AboutPatricia Ireland-Williams Expertise I am a retired K-12 Public School Principal (8 years as a teacher and counselor) and 23 years as an administrator. I can help parents with questions about how the system works, provide ideas on how to solve school issues or assist teachers in coping with the plethera of stressors they face.
Experience I am currently an educational consultant and have served on the State of Arizona Solutions Team.
I'm in desperate need of help. This is essentially my first year, and I'm teaching English language to grades 3, 4, and 5 in France. All my classes started out well, but for the past 2.5 months I have had trouble with my 4th and 5th grades, possibly because we started out the year playing mostly games. With my fourth grade class, they no longer listen or quiet down when asked to. They goof around. They want games all the time and I say no. They are now driving me nuts, and I'm losing the will to teach them. The fifth grade class does not stop when asked to stop--they continue doing whatever they are doing. Some specifics: I have my classes 2x a week for 45 minutes. I enter their classroom. I have no projector nor do the students have any English books. Lately I've been reading on the importance of routines and procedures for classroom management and I've realized that I don't have any procedures. I've only recently added a Do Now.
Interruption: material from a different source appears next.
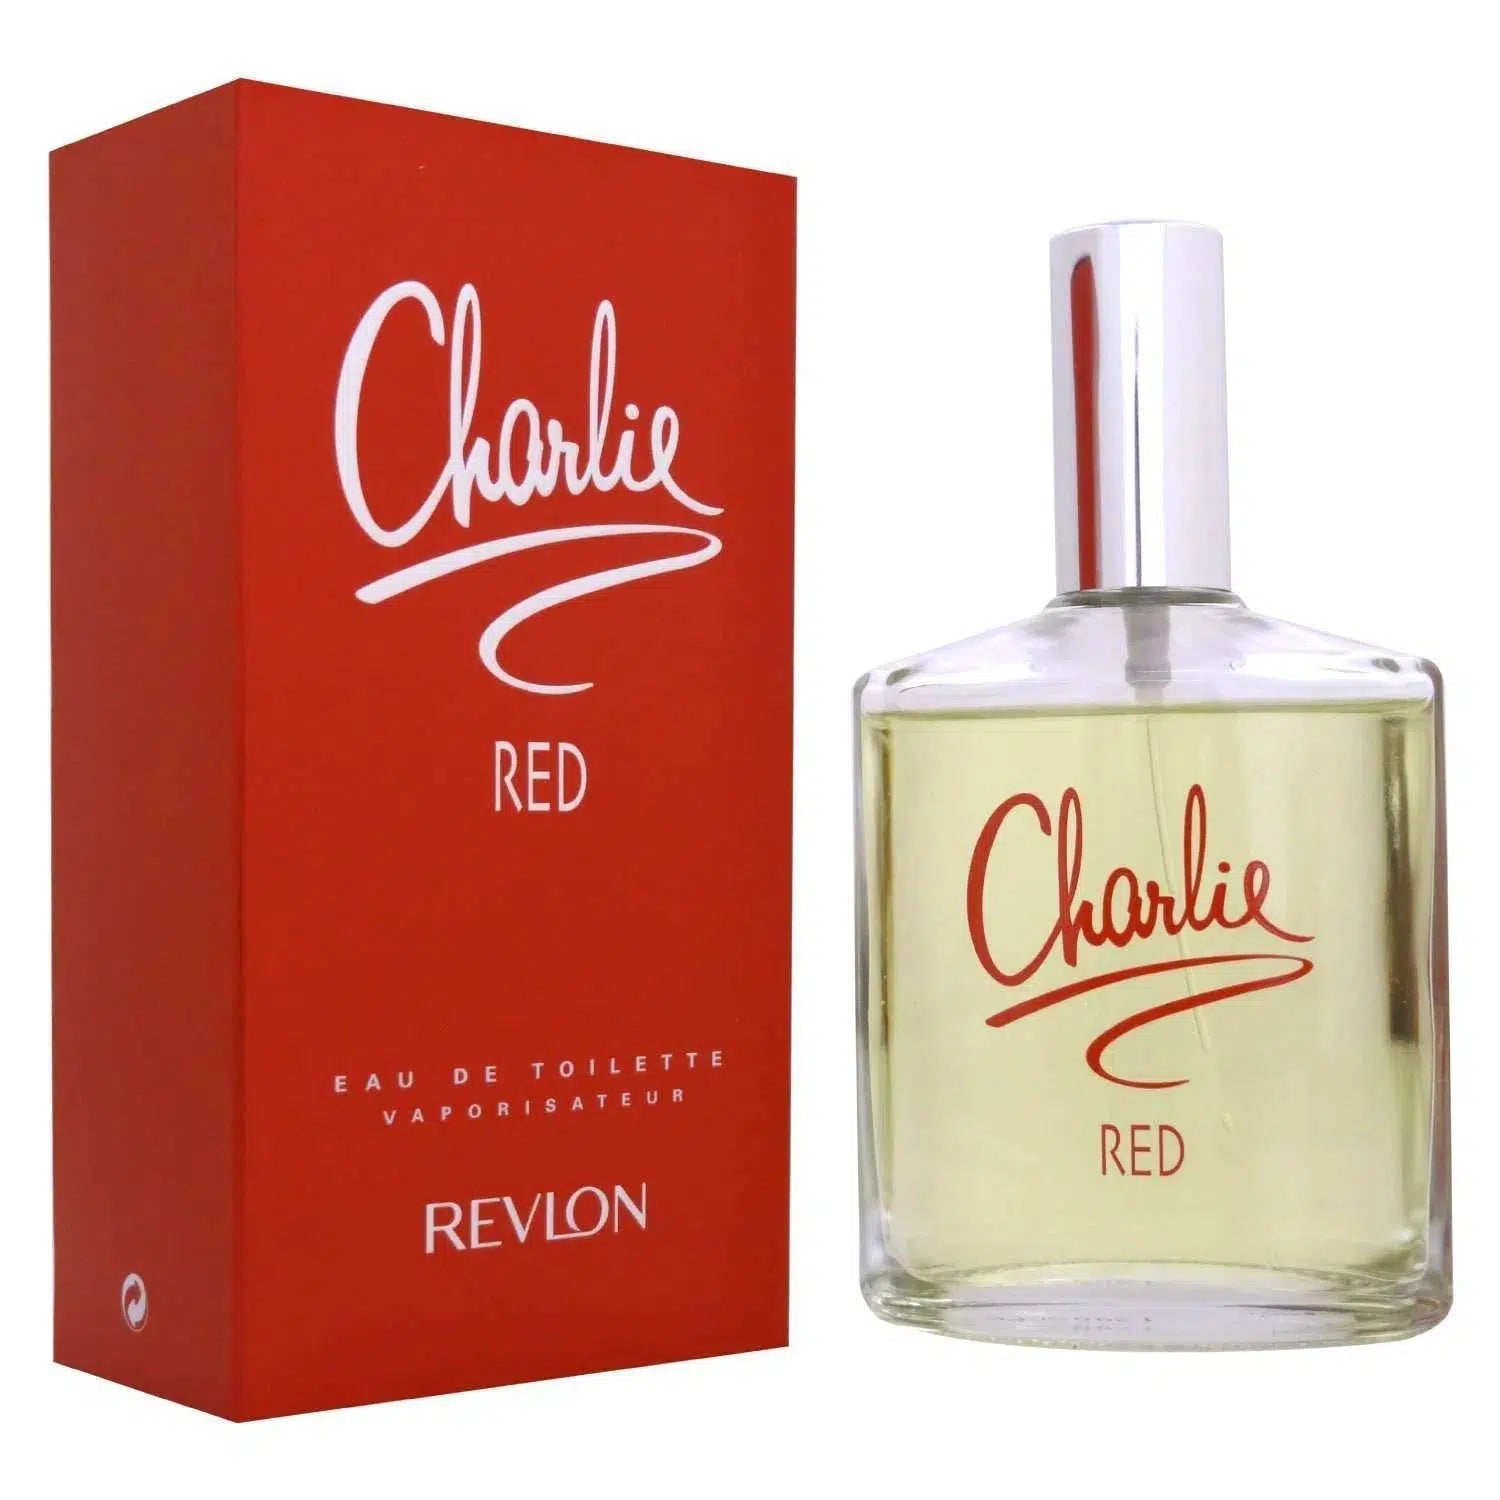 Revlon Charlie RED EDT for Women 100ml - Perfume Philippines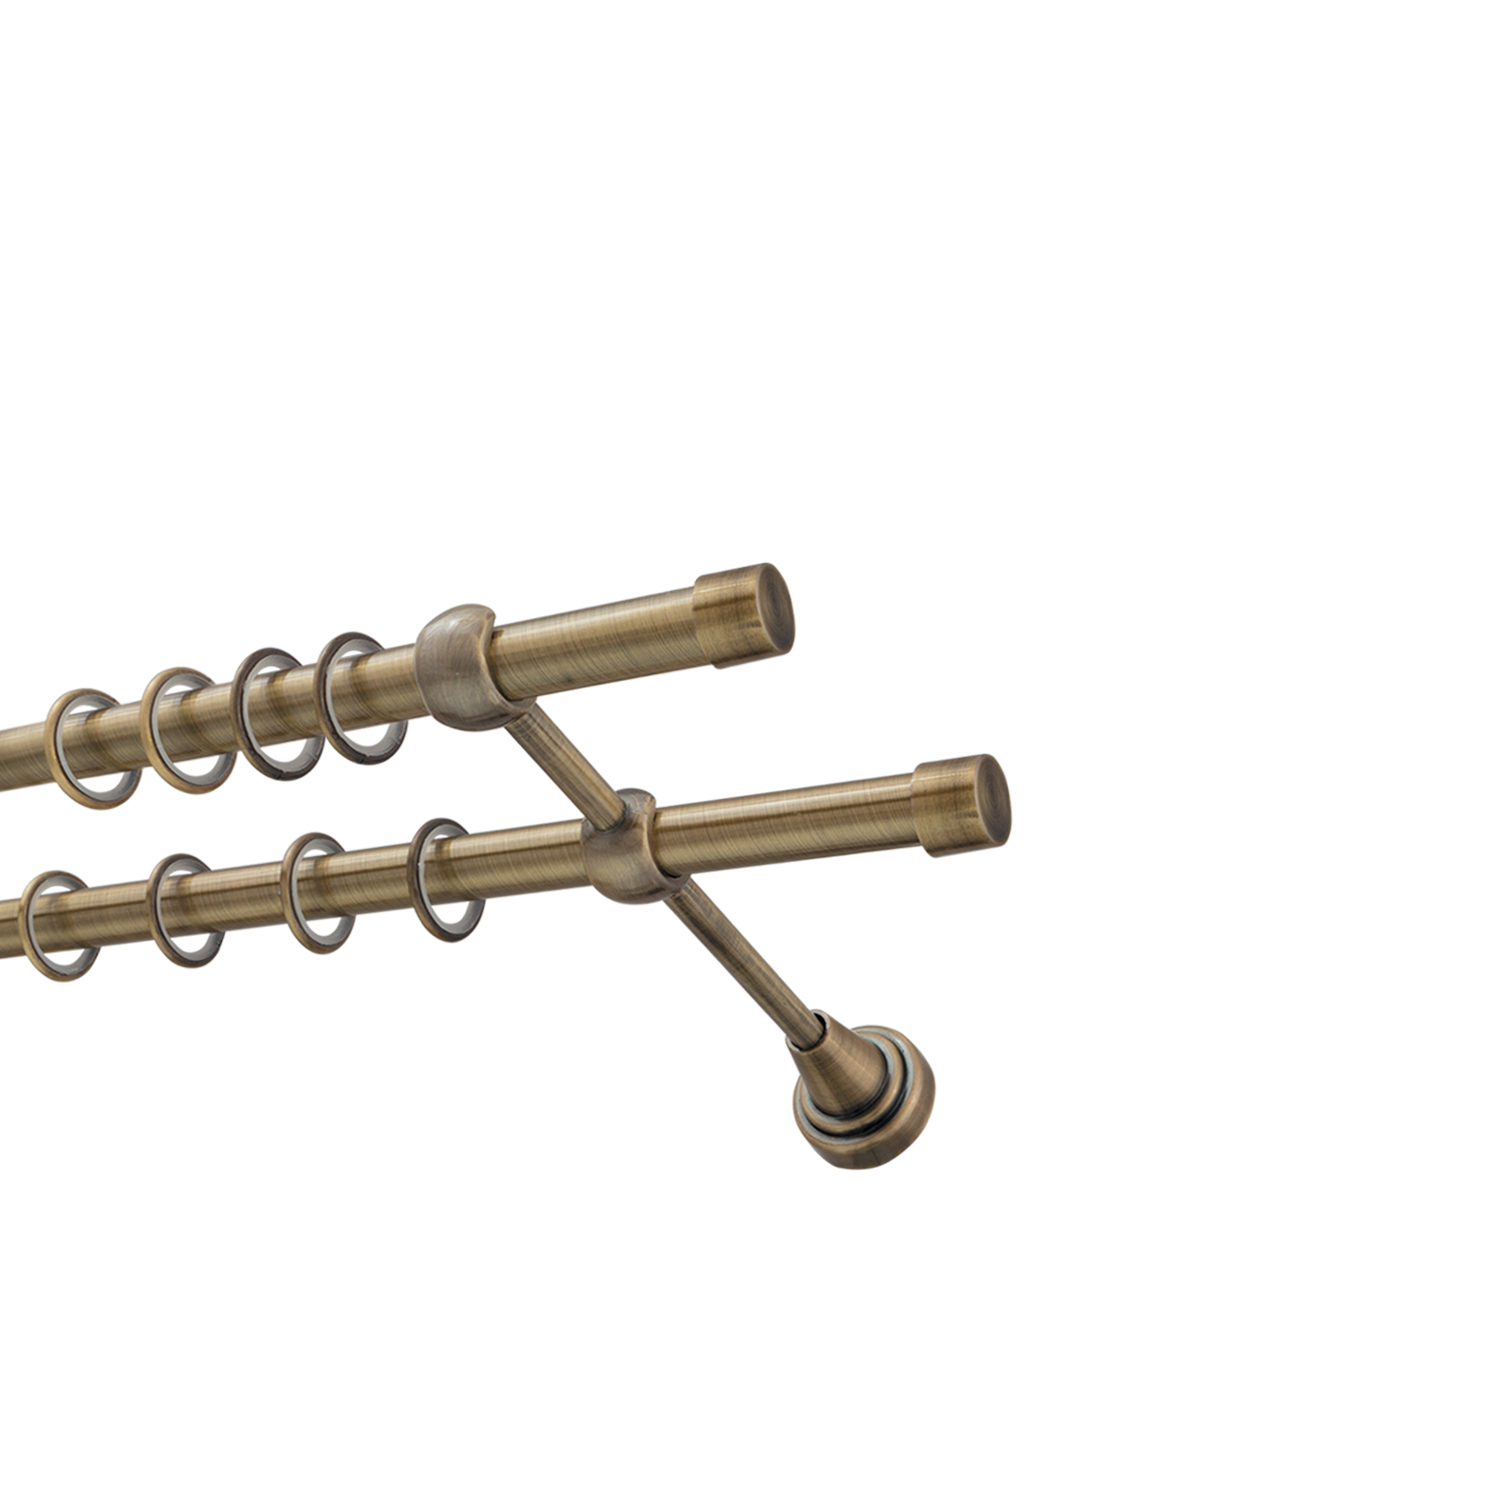 Металлический карниз для штор Заглушка, двухрядный 16/16 мм, бронза, гладкая штанга, длина 300 см - фото Wikidecor.ru

I have just 5 weeks of this program left, and I am wondering how to implement procedures this late in the program and gain some control over my classes.
Thanks for any help you may be able to offer!
Answer This is a tough one in that you are right.......classroom management starts the very first day and procedures and routines must start there.
I would suggest that you begin calling in parents as helpers and begin disciplining those students who are the ring leaders.........call their parents and refer them to the Principal for counseling. Also, send home evaluations or grades indicating needs improvement, etc. If needed, have parent student conferences.
I would use games as a reward.........tell them that they will be able to play a game they like at the end of a successful lesson.........teach, then let them play a game. Give praise to the students who do what you want them to do. Send home good news notes to those kid's parents. Eventually, the other kids will "get it" that they are not gaining anything by goofing off.
Also, ask their other teachers for help........do they act the way they act with you with others? If so, what do those teachers do? If not, why not?
Most of all, reevaluate your system of classroom management so that you will be better prepared next year.